While struggling with mental illness is hard, it’s no cake walk for those who love someone with mental illness. They love us. They sacrifice for us. They hurt for us. And we love them for it! We appreciate every act of kindness even when we don’t show it or are so wrapped up in our own pain it seems like there’s no space to give back. So, this information is for those that love us:
We’re trying!
It may not seem like it all the time but we really are trying. Look at the direction we’re headed not the milestone we’ve reached. It can be hard when you look only at the external results rather than trying to understand the internal struggle. You may never completely understand our struggle or what we’re going through. And while you will never understand us fully, we may never understand you, either. We may never realize how much your heart breaks to see us in pain. How you want more for us and just don’t understand why we SEEM to not want it for ourselves.

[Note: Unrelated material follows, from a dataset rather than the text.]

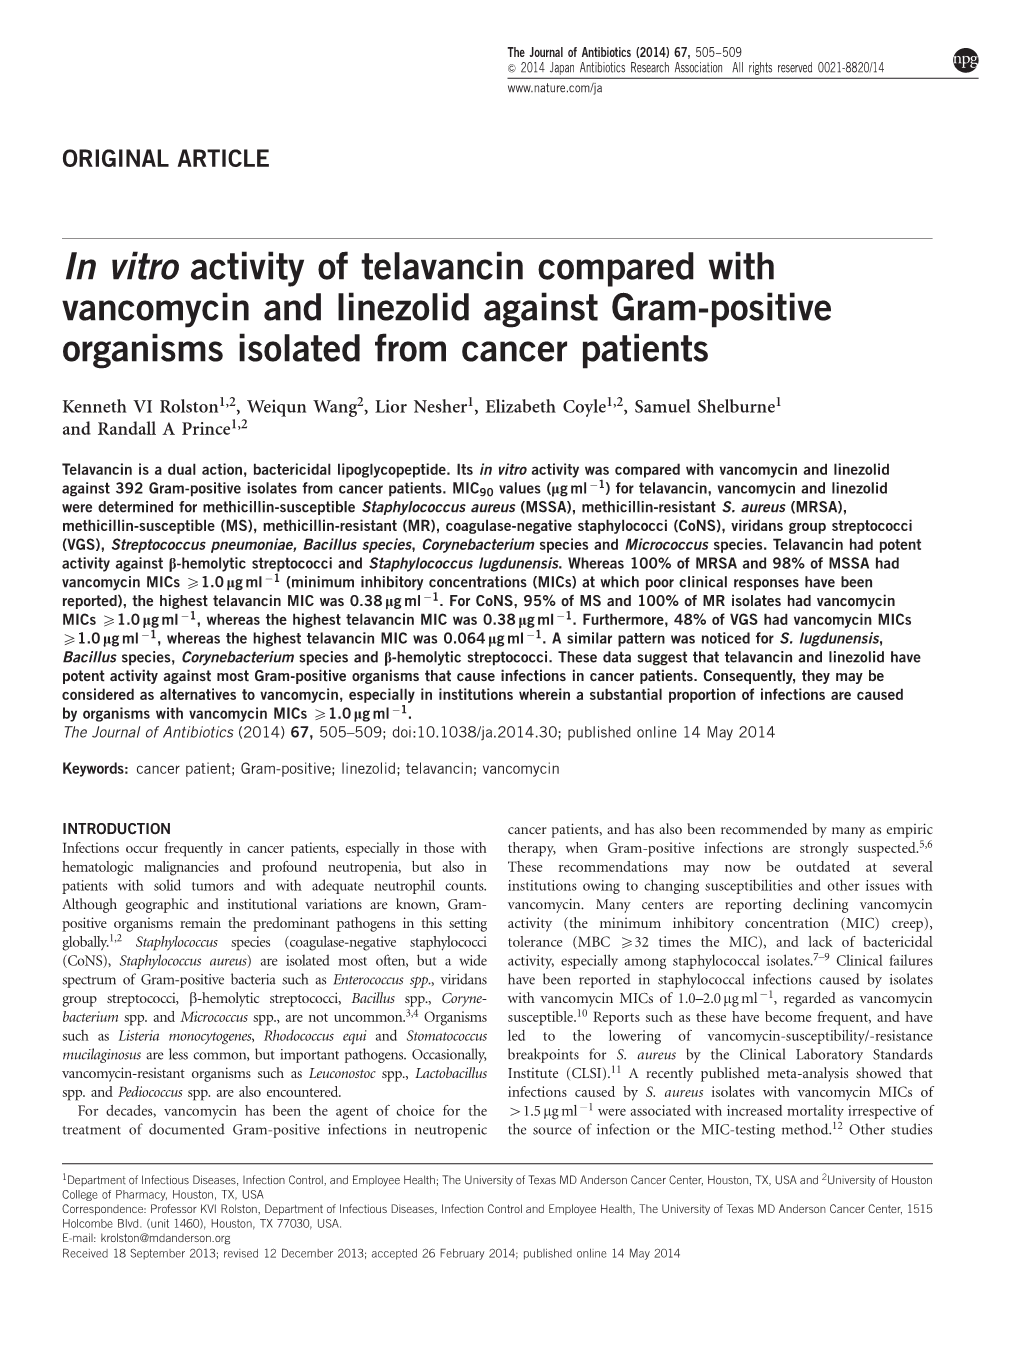 In Vitro Activity of Telavancin Compared with Vancomycin and Linezolid Against Gram-Positive Organisms Isolated from Cancer Patients

Indra Nooyi, CEO of Pepsi Co, speaks of assuming positive intent. This is vitally important when dealing with someone with a mental illness. Assume we are trying. Assume we want to succeed. I know there are people who look at those of us who struggle and think of us as lazy. Or wanting to take advantage – game the system. It’s not true. I’m sure there are a few people out there who may fit the description – there always are – but, for most of us, it simply isn’t true or fair. We are trying our best to be well. We are trying our best to be successful. We don’t want to lay in bed all day we simply have no strength to do otherwise.
The decisions we make to try and get well are very complex decisions and each person must make it for themselves. The caregiver or loved one needs to understand the complexity of the choices but please, give those of us battling our demons the benefit of the doubt. Understand that just because we aren’t making the choices you think we should make, doesn’t mean that our choices are invalid.

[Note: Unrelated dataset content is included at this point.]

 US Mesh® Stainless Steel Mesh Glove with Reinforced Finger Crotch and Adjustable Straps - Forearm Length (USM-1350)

I know what you’re thinking. I know you are so frustrated. “Why won’t ______ just take their meds?!!!” It’s because it’s just not that simple. Whether it’s the lure of a manic episode, the denial of a depressive one, or the fear of the very real side effects, getting out of the storm is never easy. Being healthy is so hard. It is totally worth every struggle but until you are out, it’s so hard to see.

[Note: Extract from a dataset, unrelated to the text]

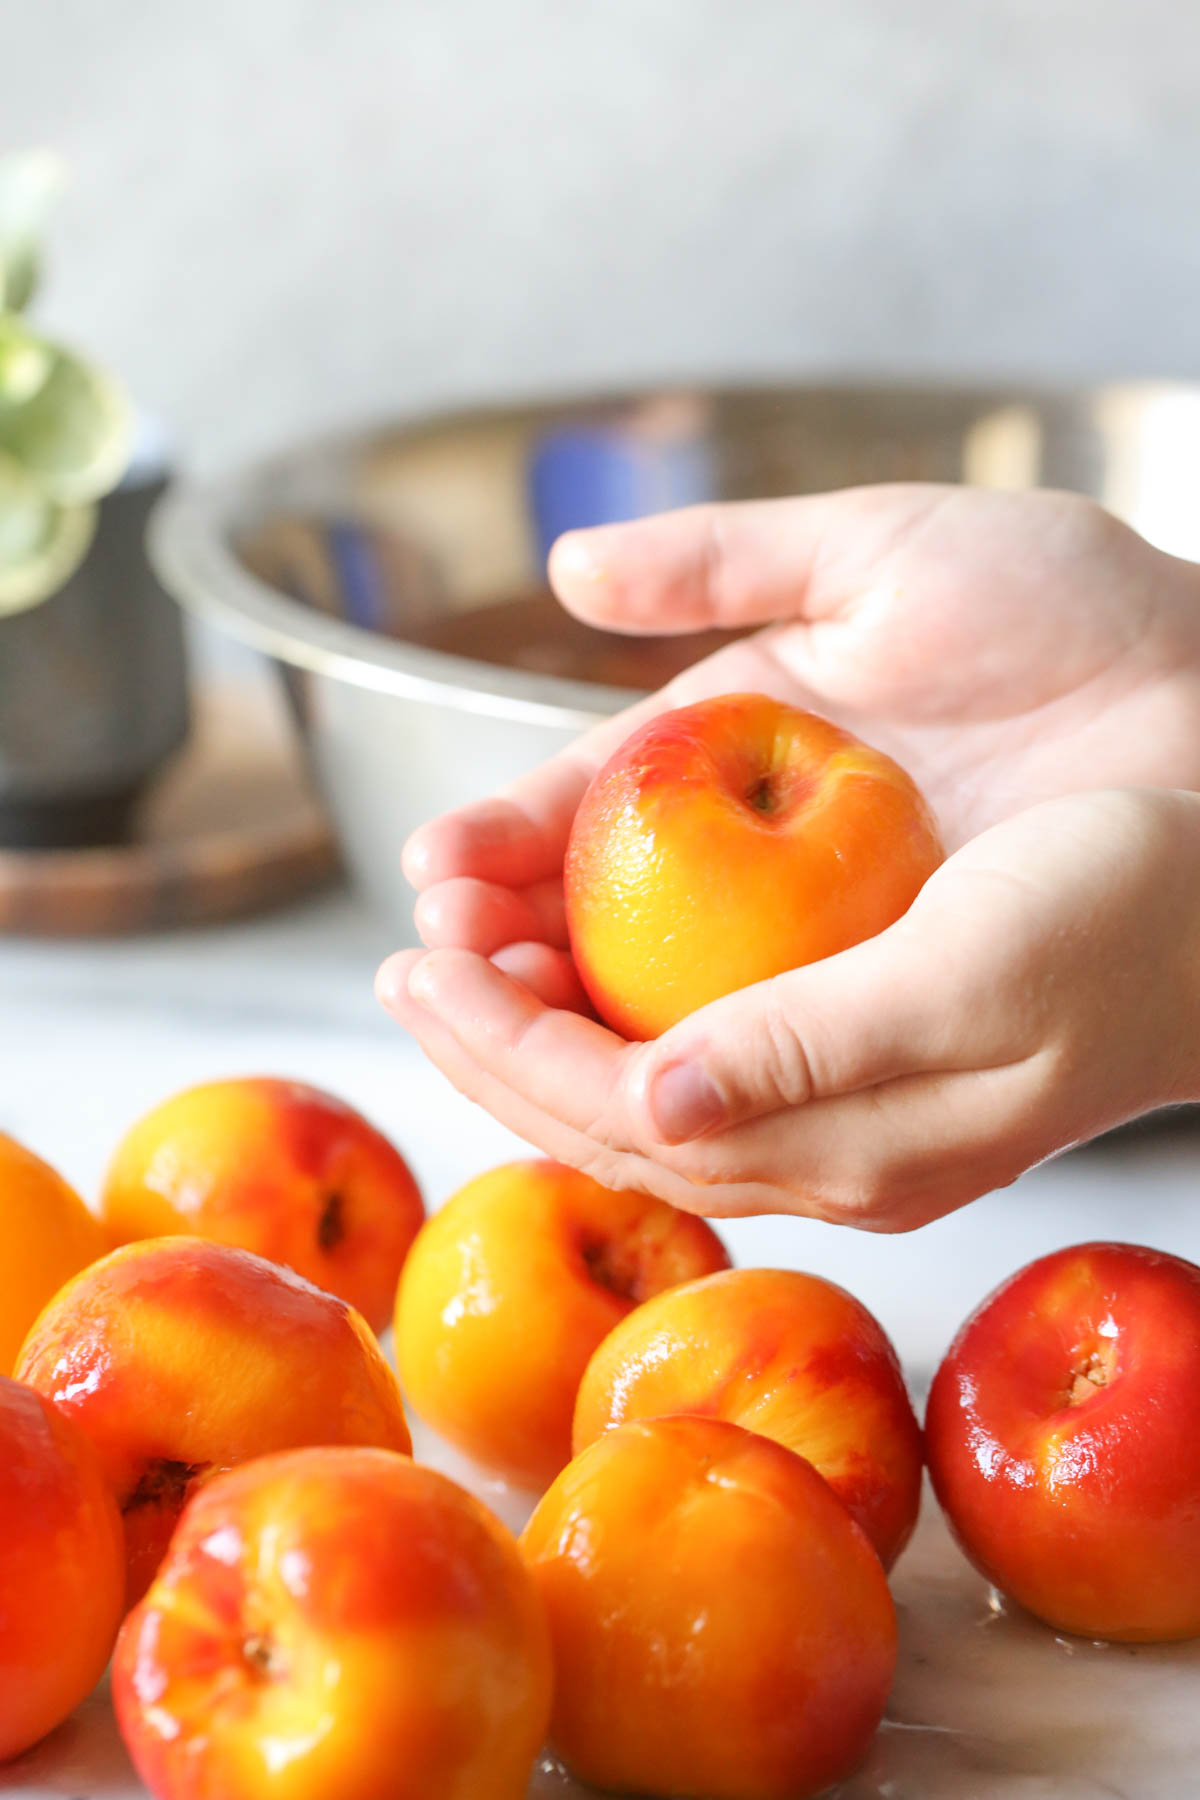 A hand holding a peach that has been peeled, with several more peeled peaches under the hand.

Everyone needs to own their own issues.
There is a difference between helping and enabling. Helping is doing something for someone else that they could not do on their own. Enabling is when you do something for someone else that they could (and should) be doing for themselves. By allowing the person who is struggling to own their own issues, you are empowering them to take control over their own lives. If you are the one struggling, understand that those around you have to take responsibility for their choices as well. You are not a “burden”. They choose to take care of you. If they are unhappy, that is their responsibility, not yours.
We appreciate what you do for us but wish you didn’t have to do it.
Guilt can distort appreciation. There are various reactions we, as a person struggling, may have towards our caretaker. While we appreciate everything you do, we may feel so guilty that it makes us angry and sometimes that anger may get misdirected. We may strike out at you, the person we’re closest to. Or, we may feel so indebted that we feel we cannot possibly ever repay you so why even try. While these are issues and behaviors that need to be addressed, understand that the appreciation may be there, even if it's buried.
You can’t save us.
This is the hardest thing to accept but it is a reality. For all the help you provide, for all the work you do, there are no guarantees. The right med may not be found. The lure of mania may be too strong. The storms may have been raging so severely, for so long, that you – all of you – may be beaten down and ready to give up. I’ll say it again and again: DON’T GIVE UP! Rest if you have to but don’t give up. Unfortunately, all the love and caring in the world may not be enough to work miracles so protect yourself. Ultimately, the future is not in your hands, only your ability to influence.
Thank you
This is the most important thing for those taking care of someone to hear: THANK YOU! To those caring for others thank you! Thank you for your sacrifice and your love. Thank you for the time and energy you invest. We ask only one more thing. It may seem like a lot. It may seem like more than you want to offer but we need you to give it to us. Give us your trust. Give us your faith. Let us know you believe that we are trying and will succeed in getting well.